At Olympics, Ivanka targets North Korea
Washington urged to use current positive mood in seeking denuclearisation
US President Donald Trump’s daughter toured the 2018 Winter Olympics yesterday, the morning after telling South Korea’s president that she will use her visit to the Pyeongchang Games to advocate maximum pressure on North Korea to halt its nuclear programme.
Ivanka Trump, who is one of her father’s close advisers, is leading the US delegation at this weekend’s closing ceremony for the Pyeongchang Games. Under cloudy skies, she watched her first event yesterday morning — Big Air snowboarding.
South Korean President Moon Jae-in highlighted to Trump how the Olympics have served as a vehicle for dialogue between the two Koreas, and said the US and South Korea should make use of the current mood of rapprochement between the Koreas in seeking denuclearisation.
At a closed-door meeting before a banquet on Friday night at the presidential compound, South Korea said yesterday new US sanctions on North Korea will bolster international community compliance with UN resolutions aimed at pressing the isolated state to give up its development of nuclear weapons.
“New US sanctions will alert those who are illegally trading with North Korea and therefore bolster the international community to carry out resolutions from the UN Security Council,” the South Korean foreign ministry said in a statement.
The ministry reaffirmed that South Korea and the United States would work closely to achieve North Korea’s denuclearisation peacefully.
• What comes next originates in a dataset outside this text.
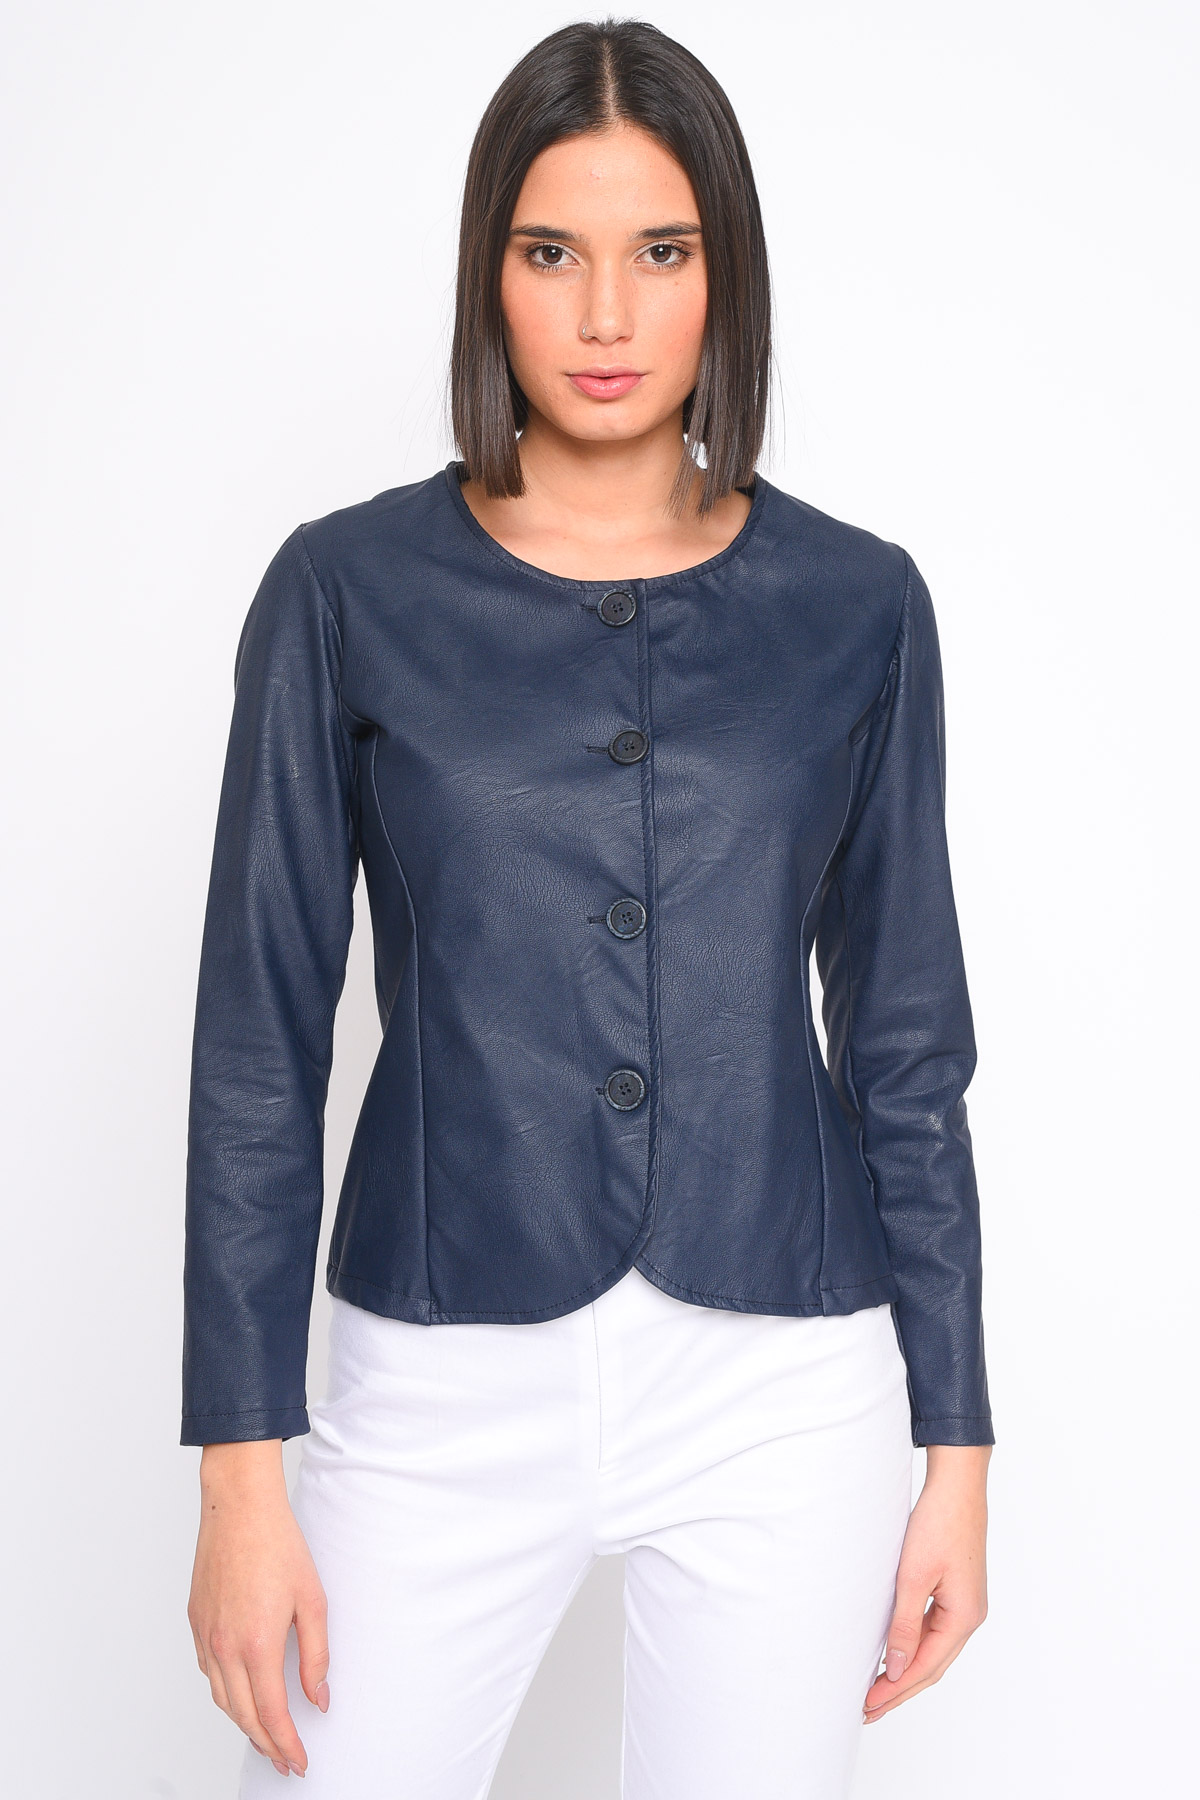 GIACCA CORTA IN ECOPELLE for women - BLUE - Paquito Pronto Moda Shop Online

Moon told Trump that talks on denuclearisation and the interKorean dialogue must move forward side by side, Moon’s press secretary, Yoon Young-chan, told reporters.
Maximum pressure
Trump responded by pushing for joint efforts by the US and South Korea to apply maximum pressure on North Korea, Yoon said.
The differences in how the US and South Korea hope to achieve denuclearisation were also apparent during the banquet. In her remarks, Trump said she was in South Korea to celebrate the Olympics and to reaffirm the US commitment to a “maximum pressure campaign to ensure that the Korean Peninsula is denuclearised.”
On Friday, the Trump administration announced sanctions on more than 50 vessels, shipping companies and trade businesses to turn up the pressure on North Korea.
US officials said that Trump had discussed the action with Moon ahead of the announcement in Washington.
In Pyeongchang yesterday morning, Ivanka Trump watched snowboarders go on runs at the Big Air jump and saw American snowboarder Kyle Mack take a silver medal.
A smiling Trump, wearing a Team USA hat and red snowsuit, chatted with members of her delegation and South Korea first lady Kim Jung-suk. Also with her was IOC board member and 1998 hockey gold medallist Angela Ruggiero.
After the event ended, Trump spoke with some of the South Korean athletes who were guests of the delegation and posed for selfies.
Meeting unlikely
A high-level North Korean delegation will also attend Sunday’s Olympic closing ceremony, but the South Korean government said it’s unlikely that Ivanka Trump will meet the North Koreans. Vice-President Mike Pence, who attended the Olympics’ opening ceremony, sat awkwardly in a VIP box with the younger sister of North Korean leader Kim Jong-un behind him. The two had no apparent contact.
Moon hoped to make the Olympics an avenue for peace on the divided Korean Peninsula.
“North Korea’s participation in the Winter Olympic Games has served as an opportunity for us to engage in active discussions between the two Koreas and this has led to lowering of tensions on the peninsula and an improvement in inter-Korean relations,” Moon said.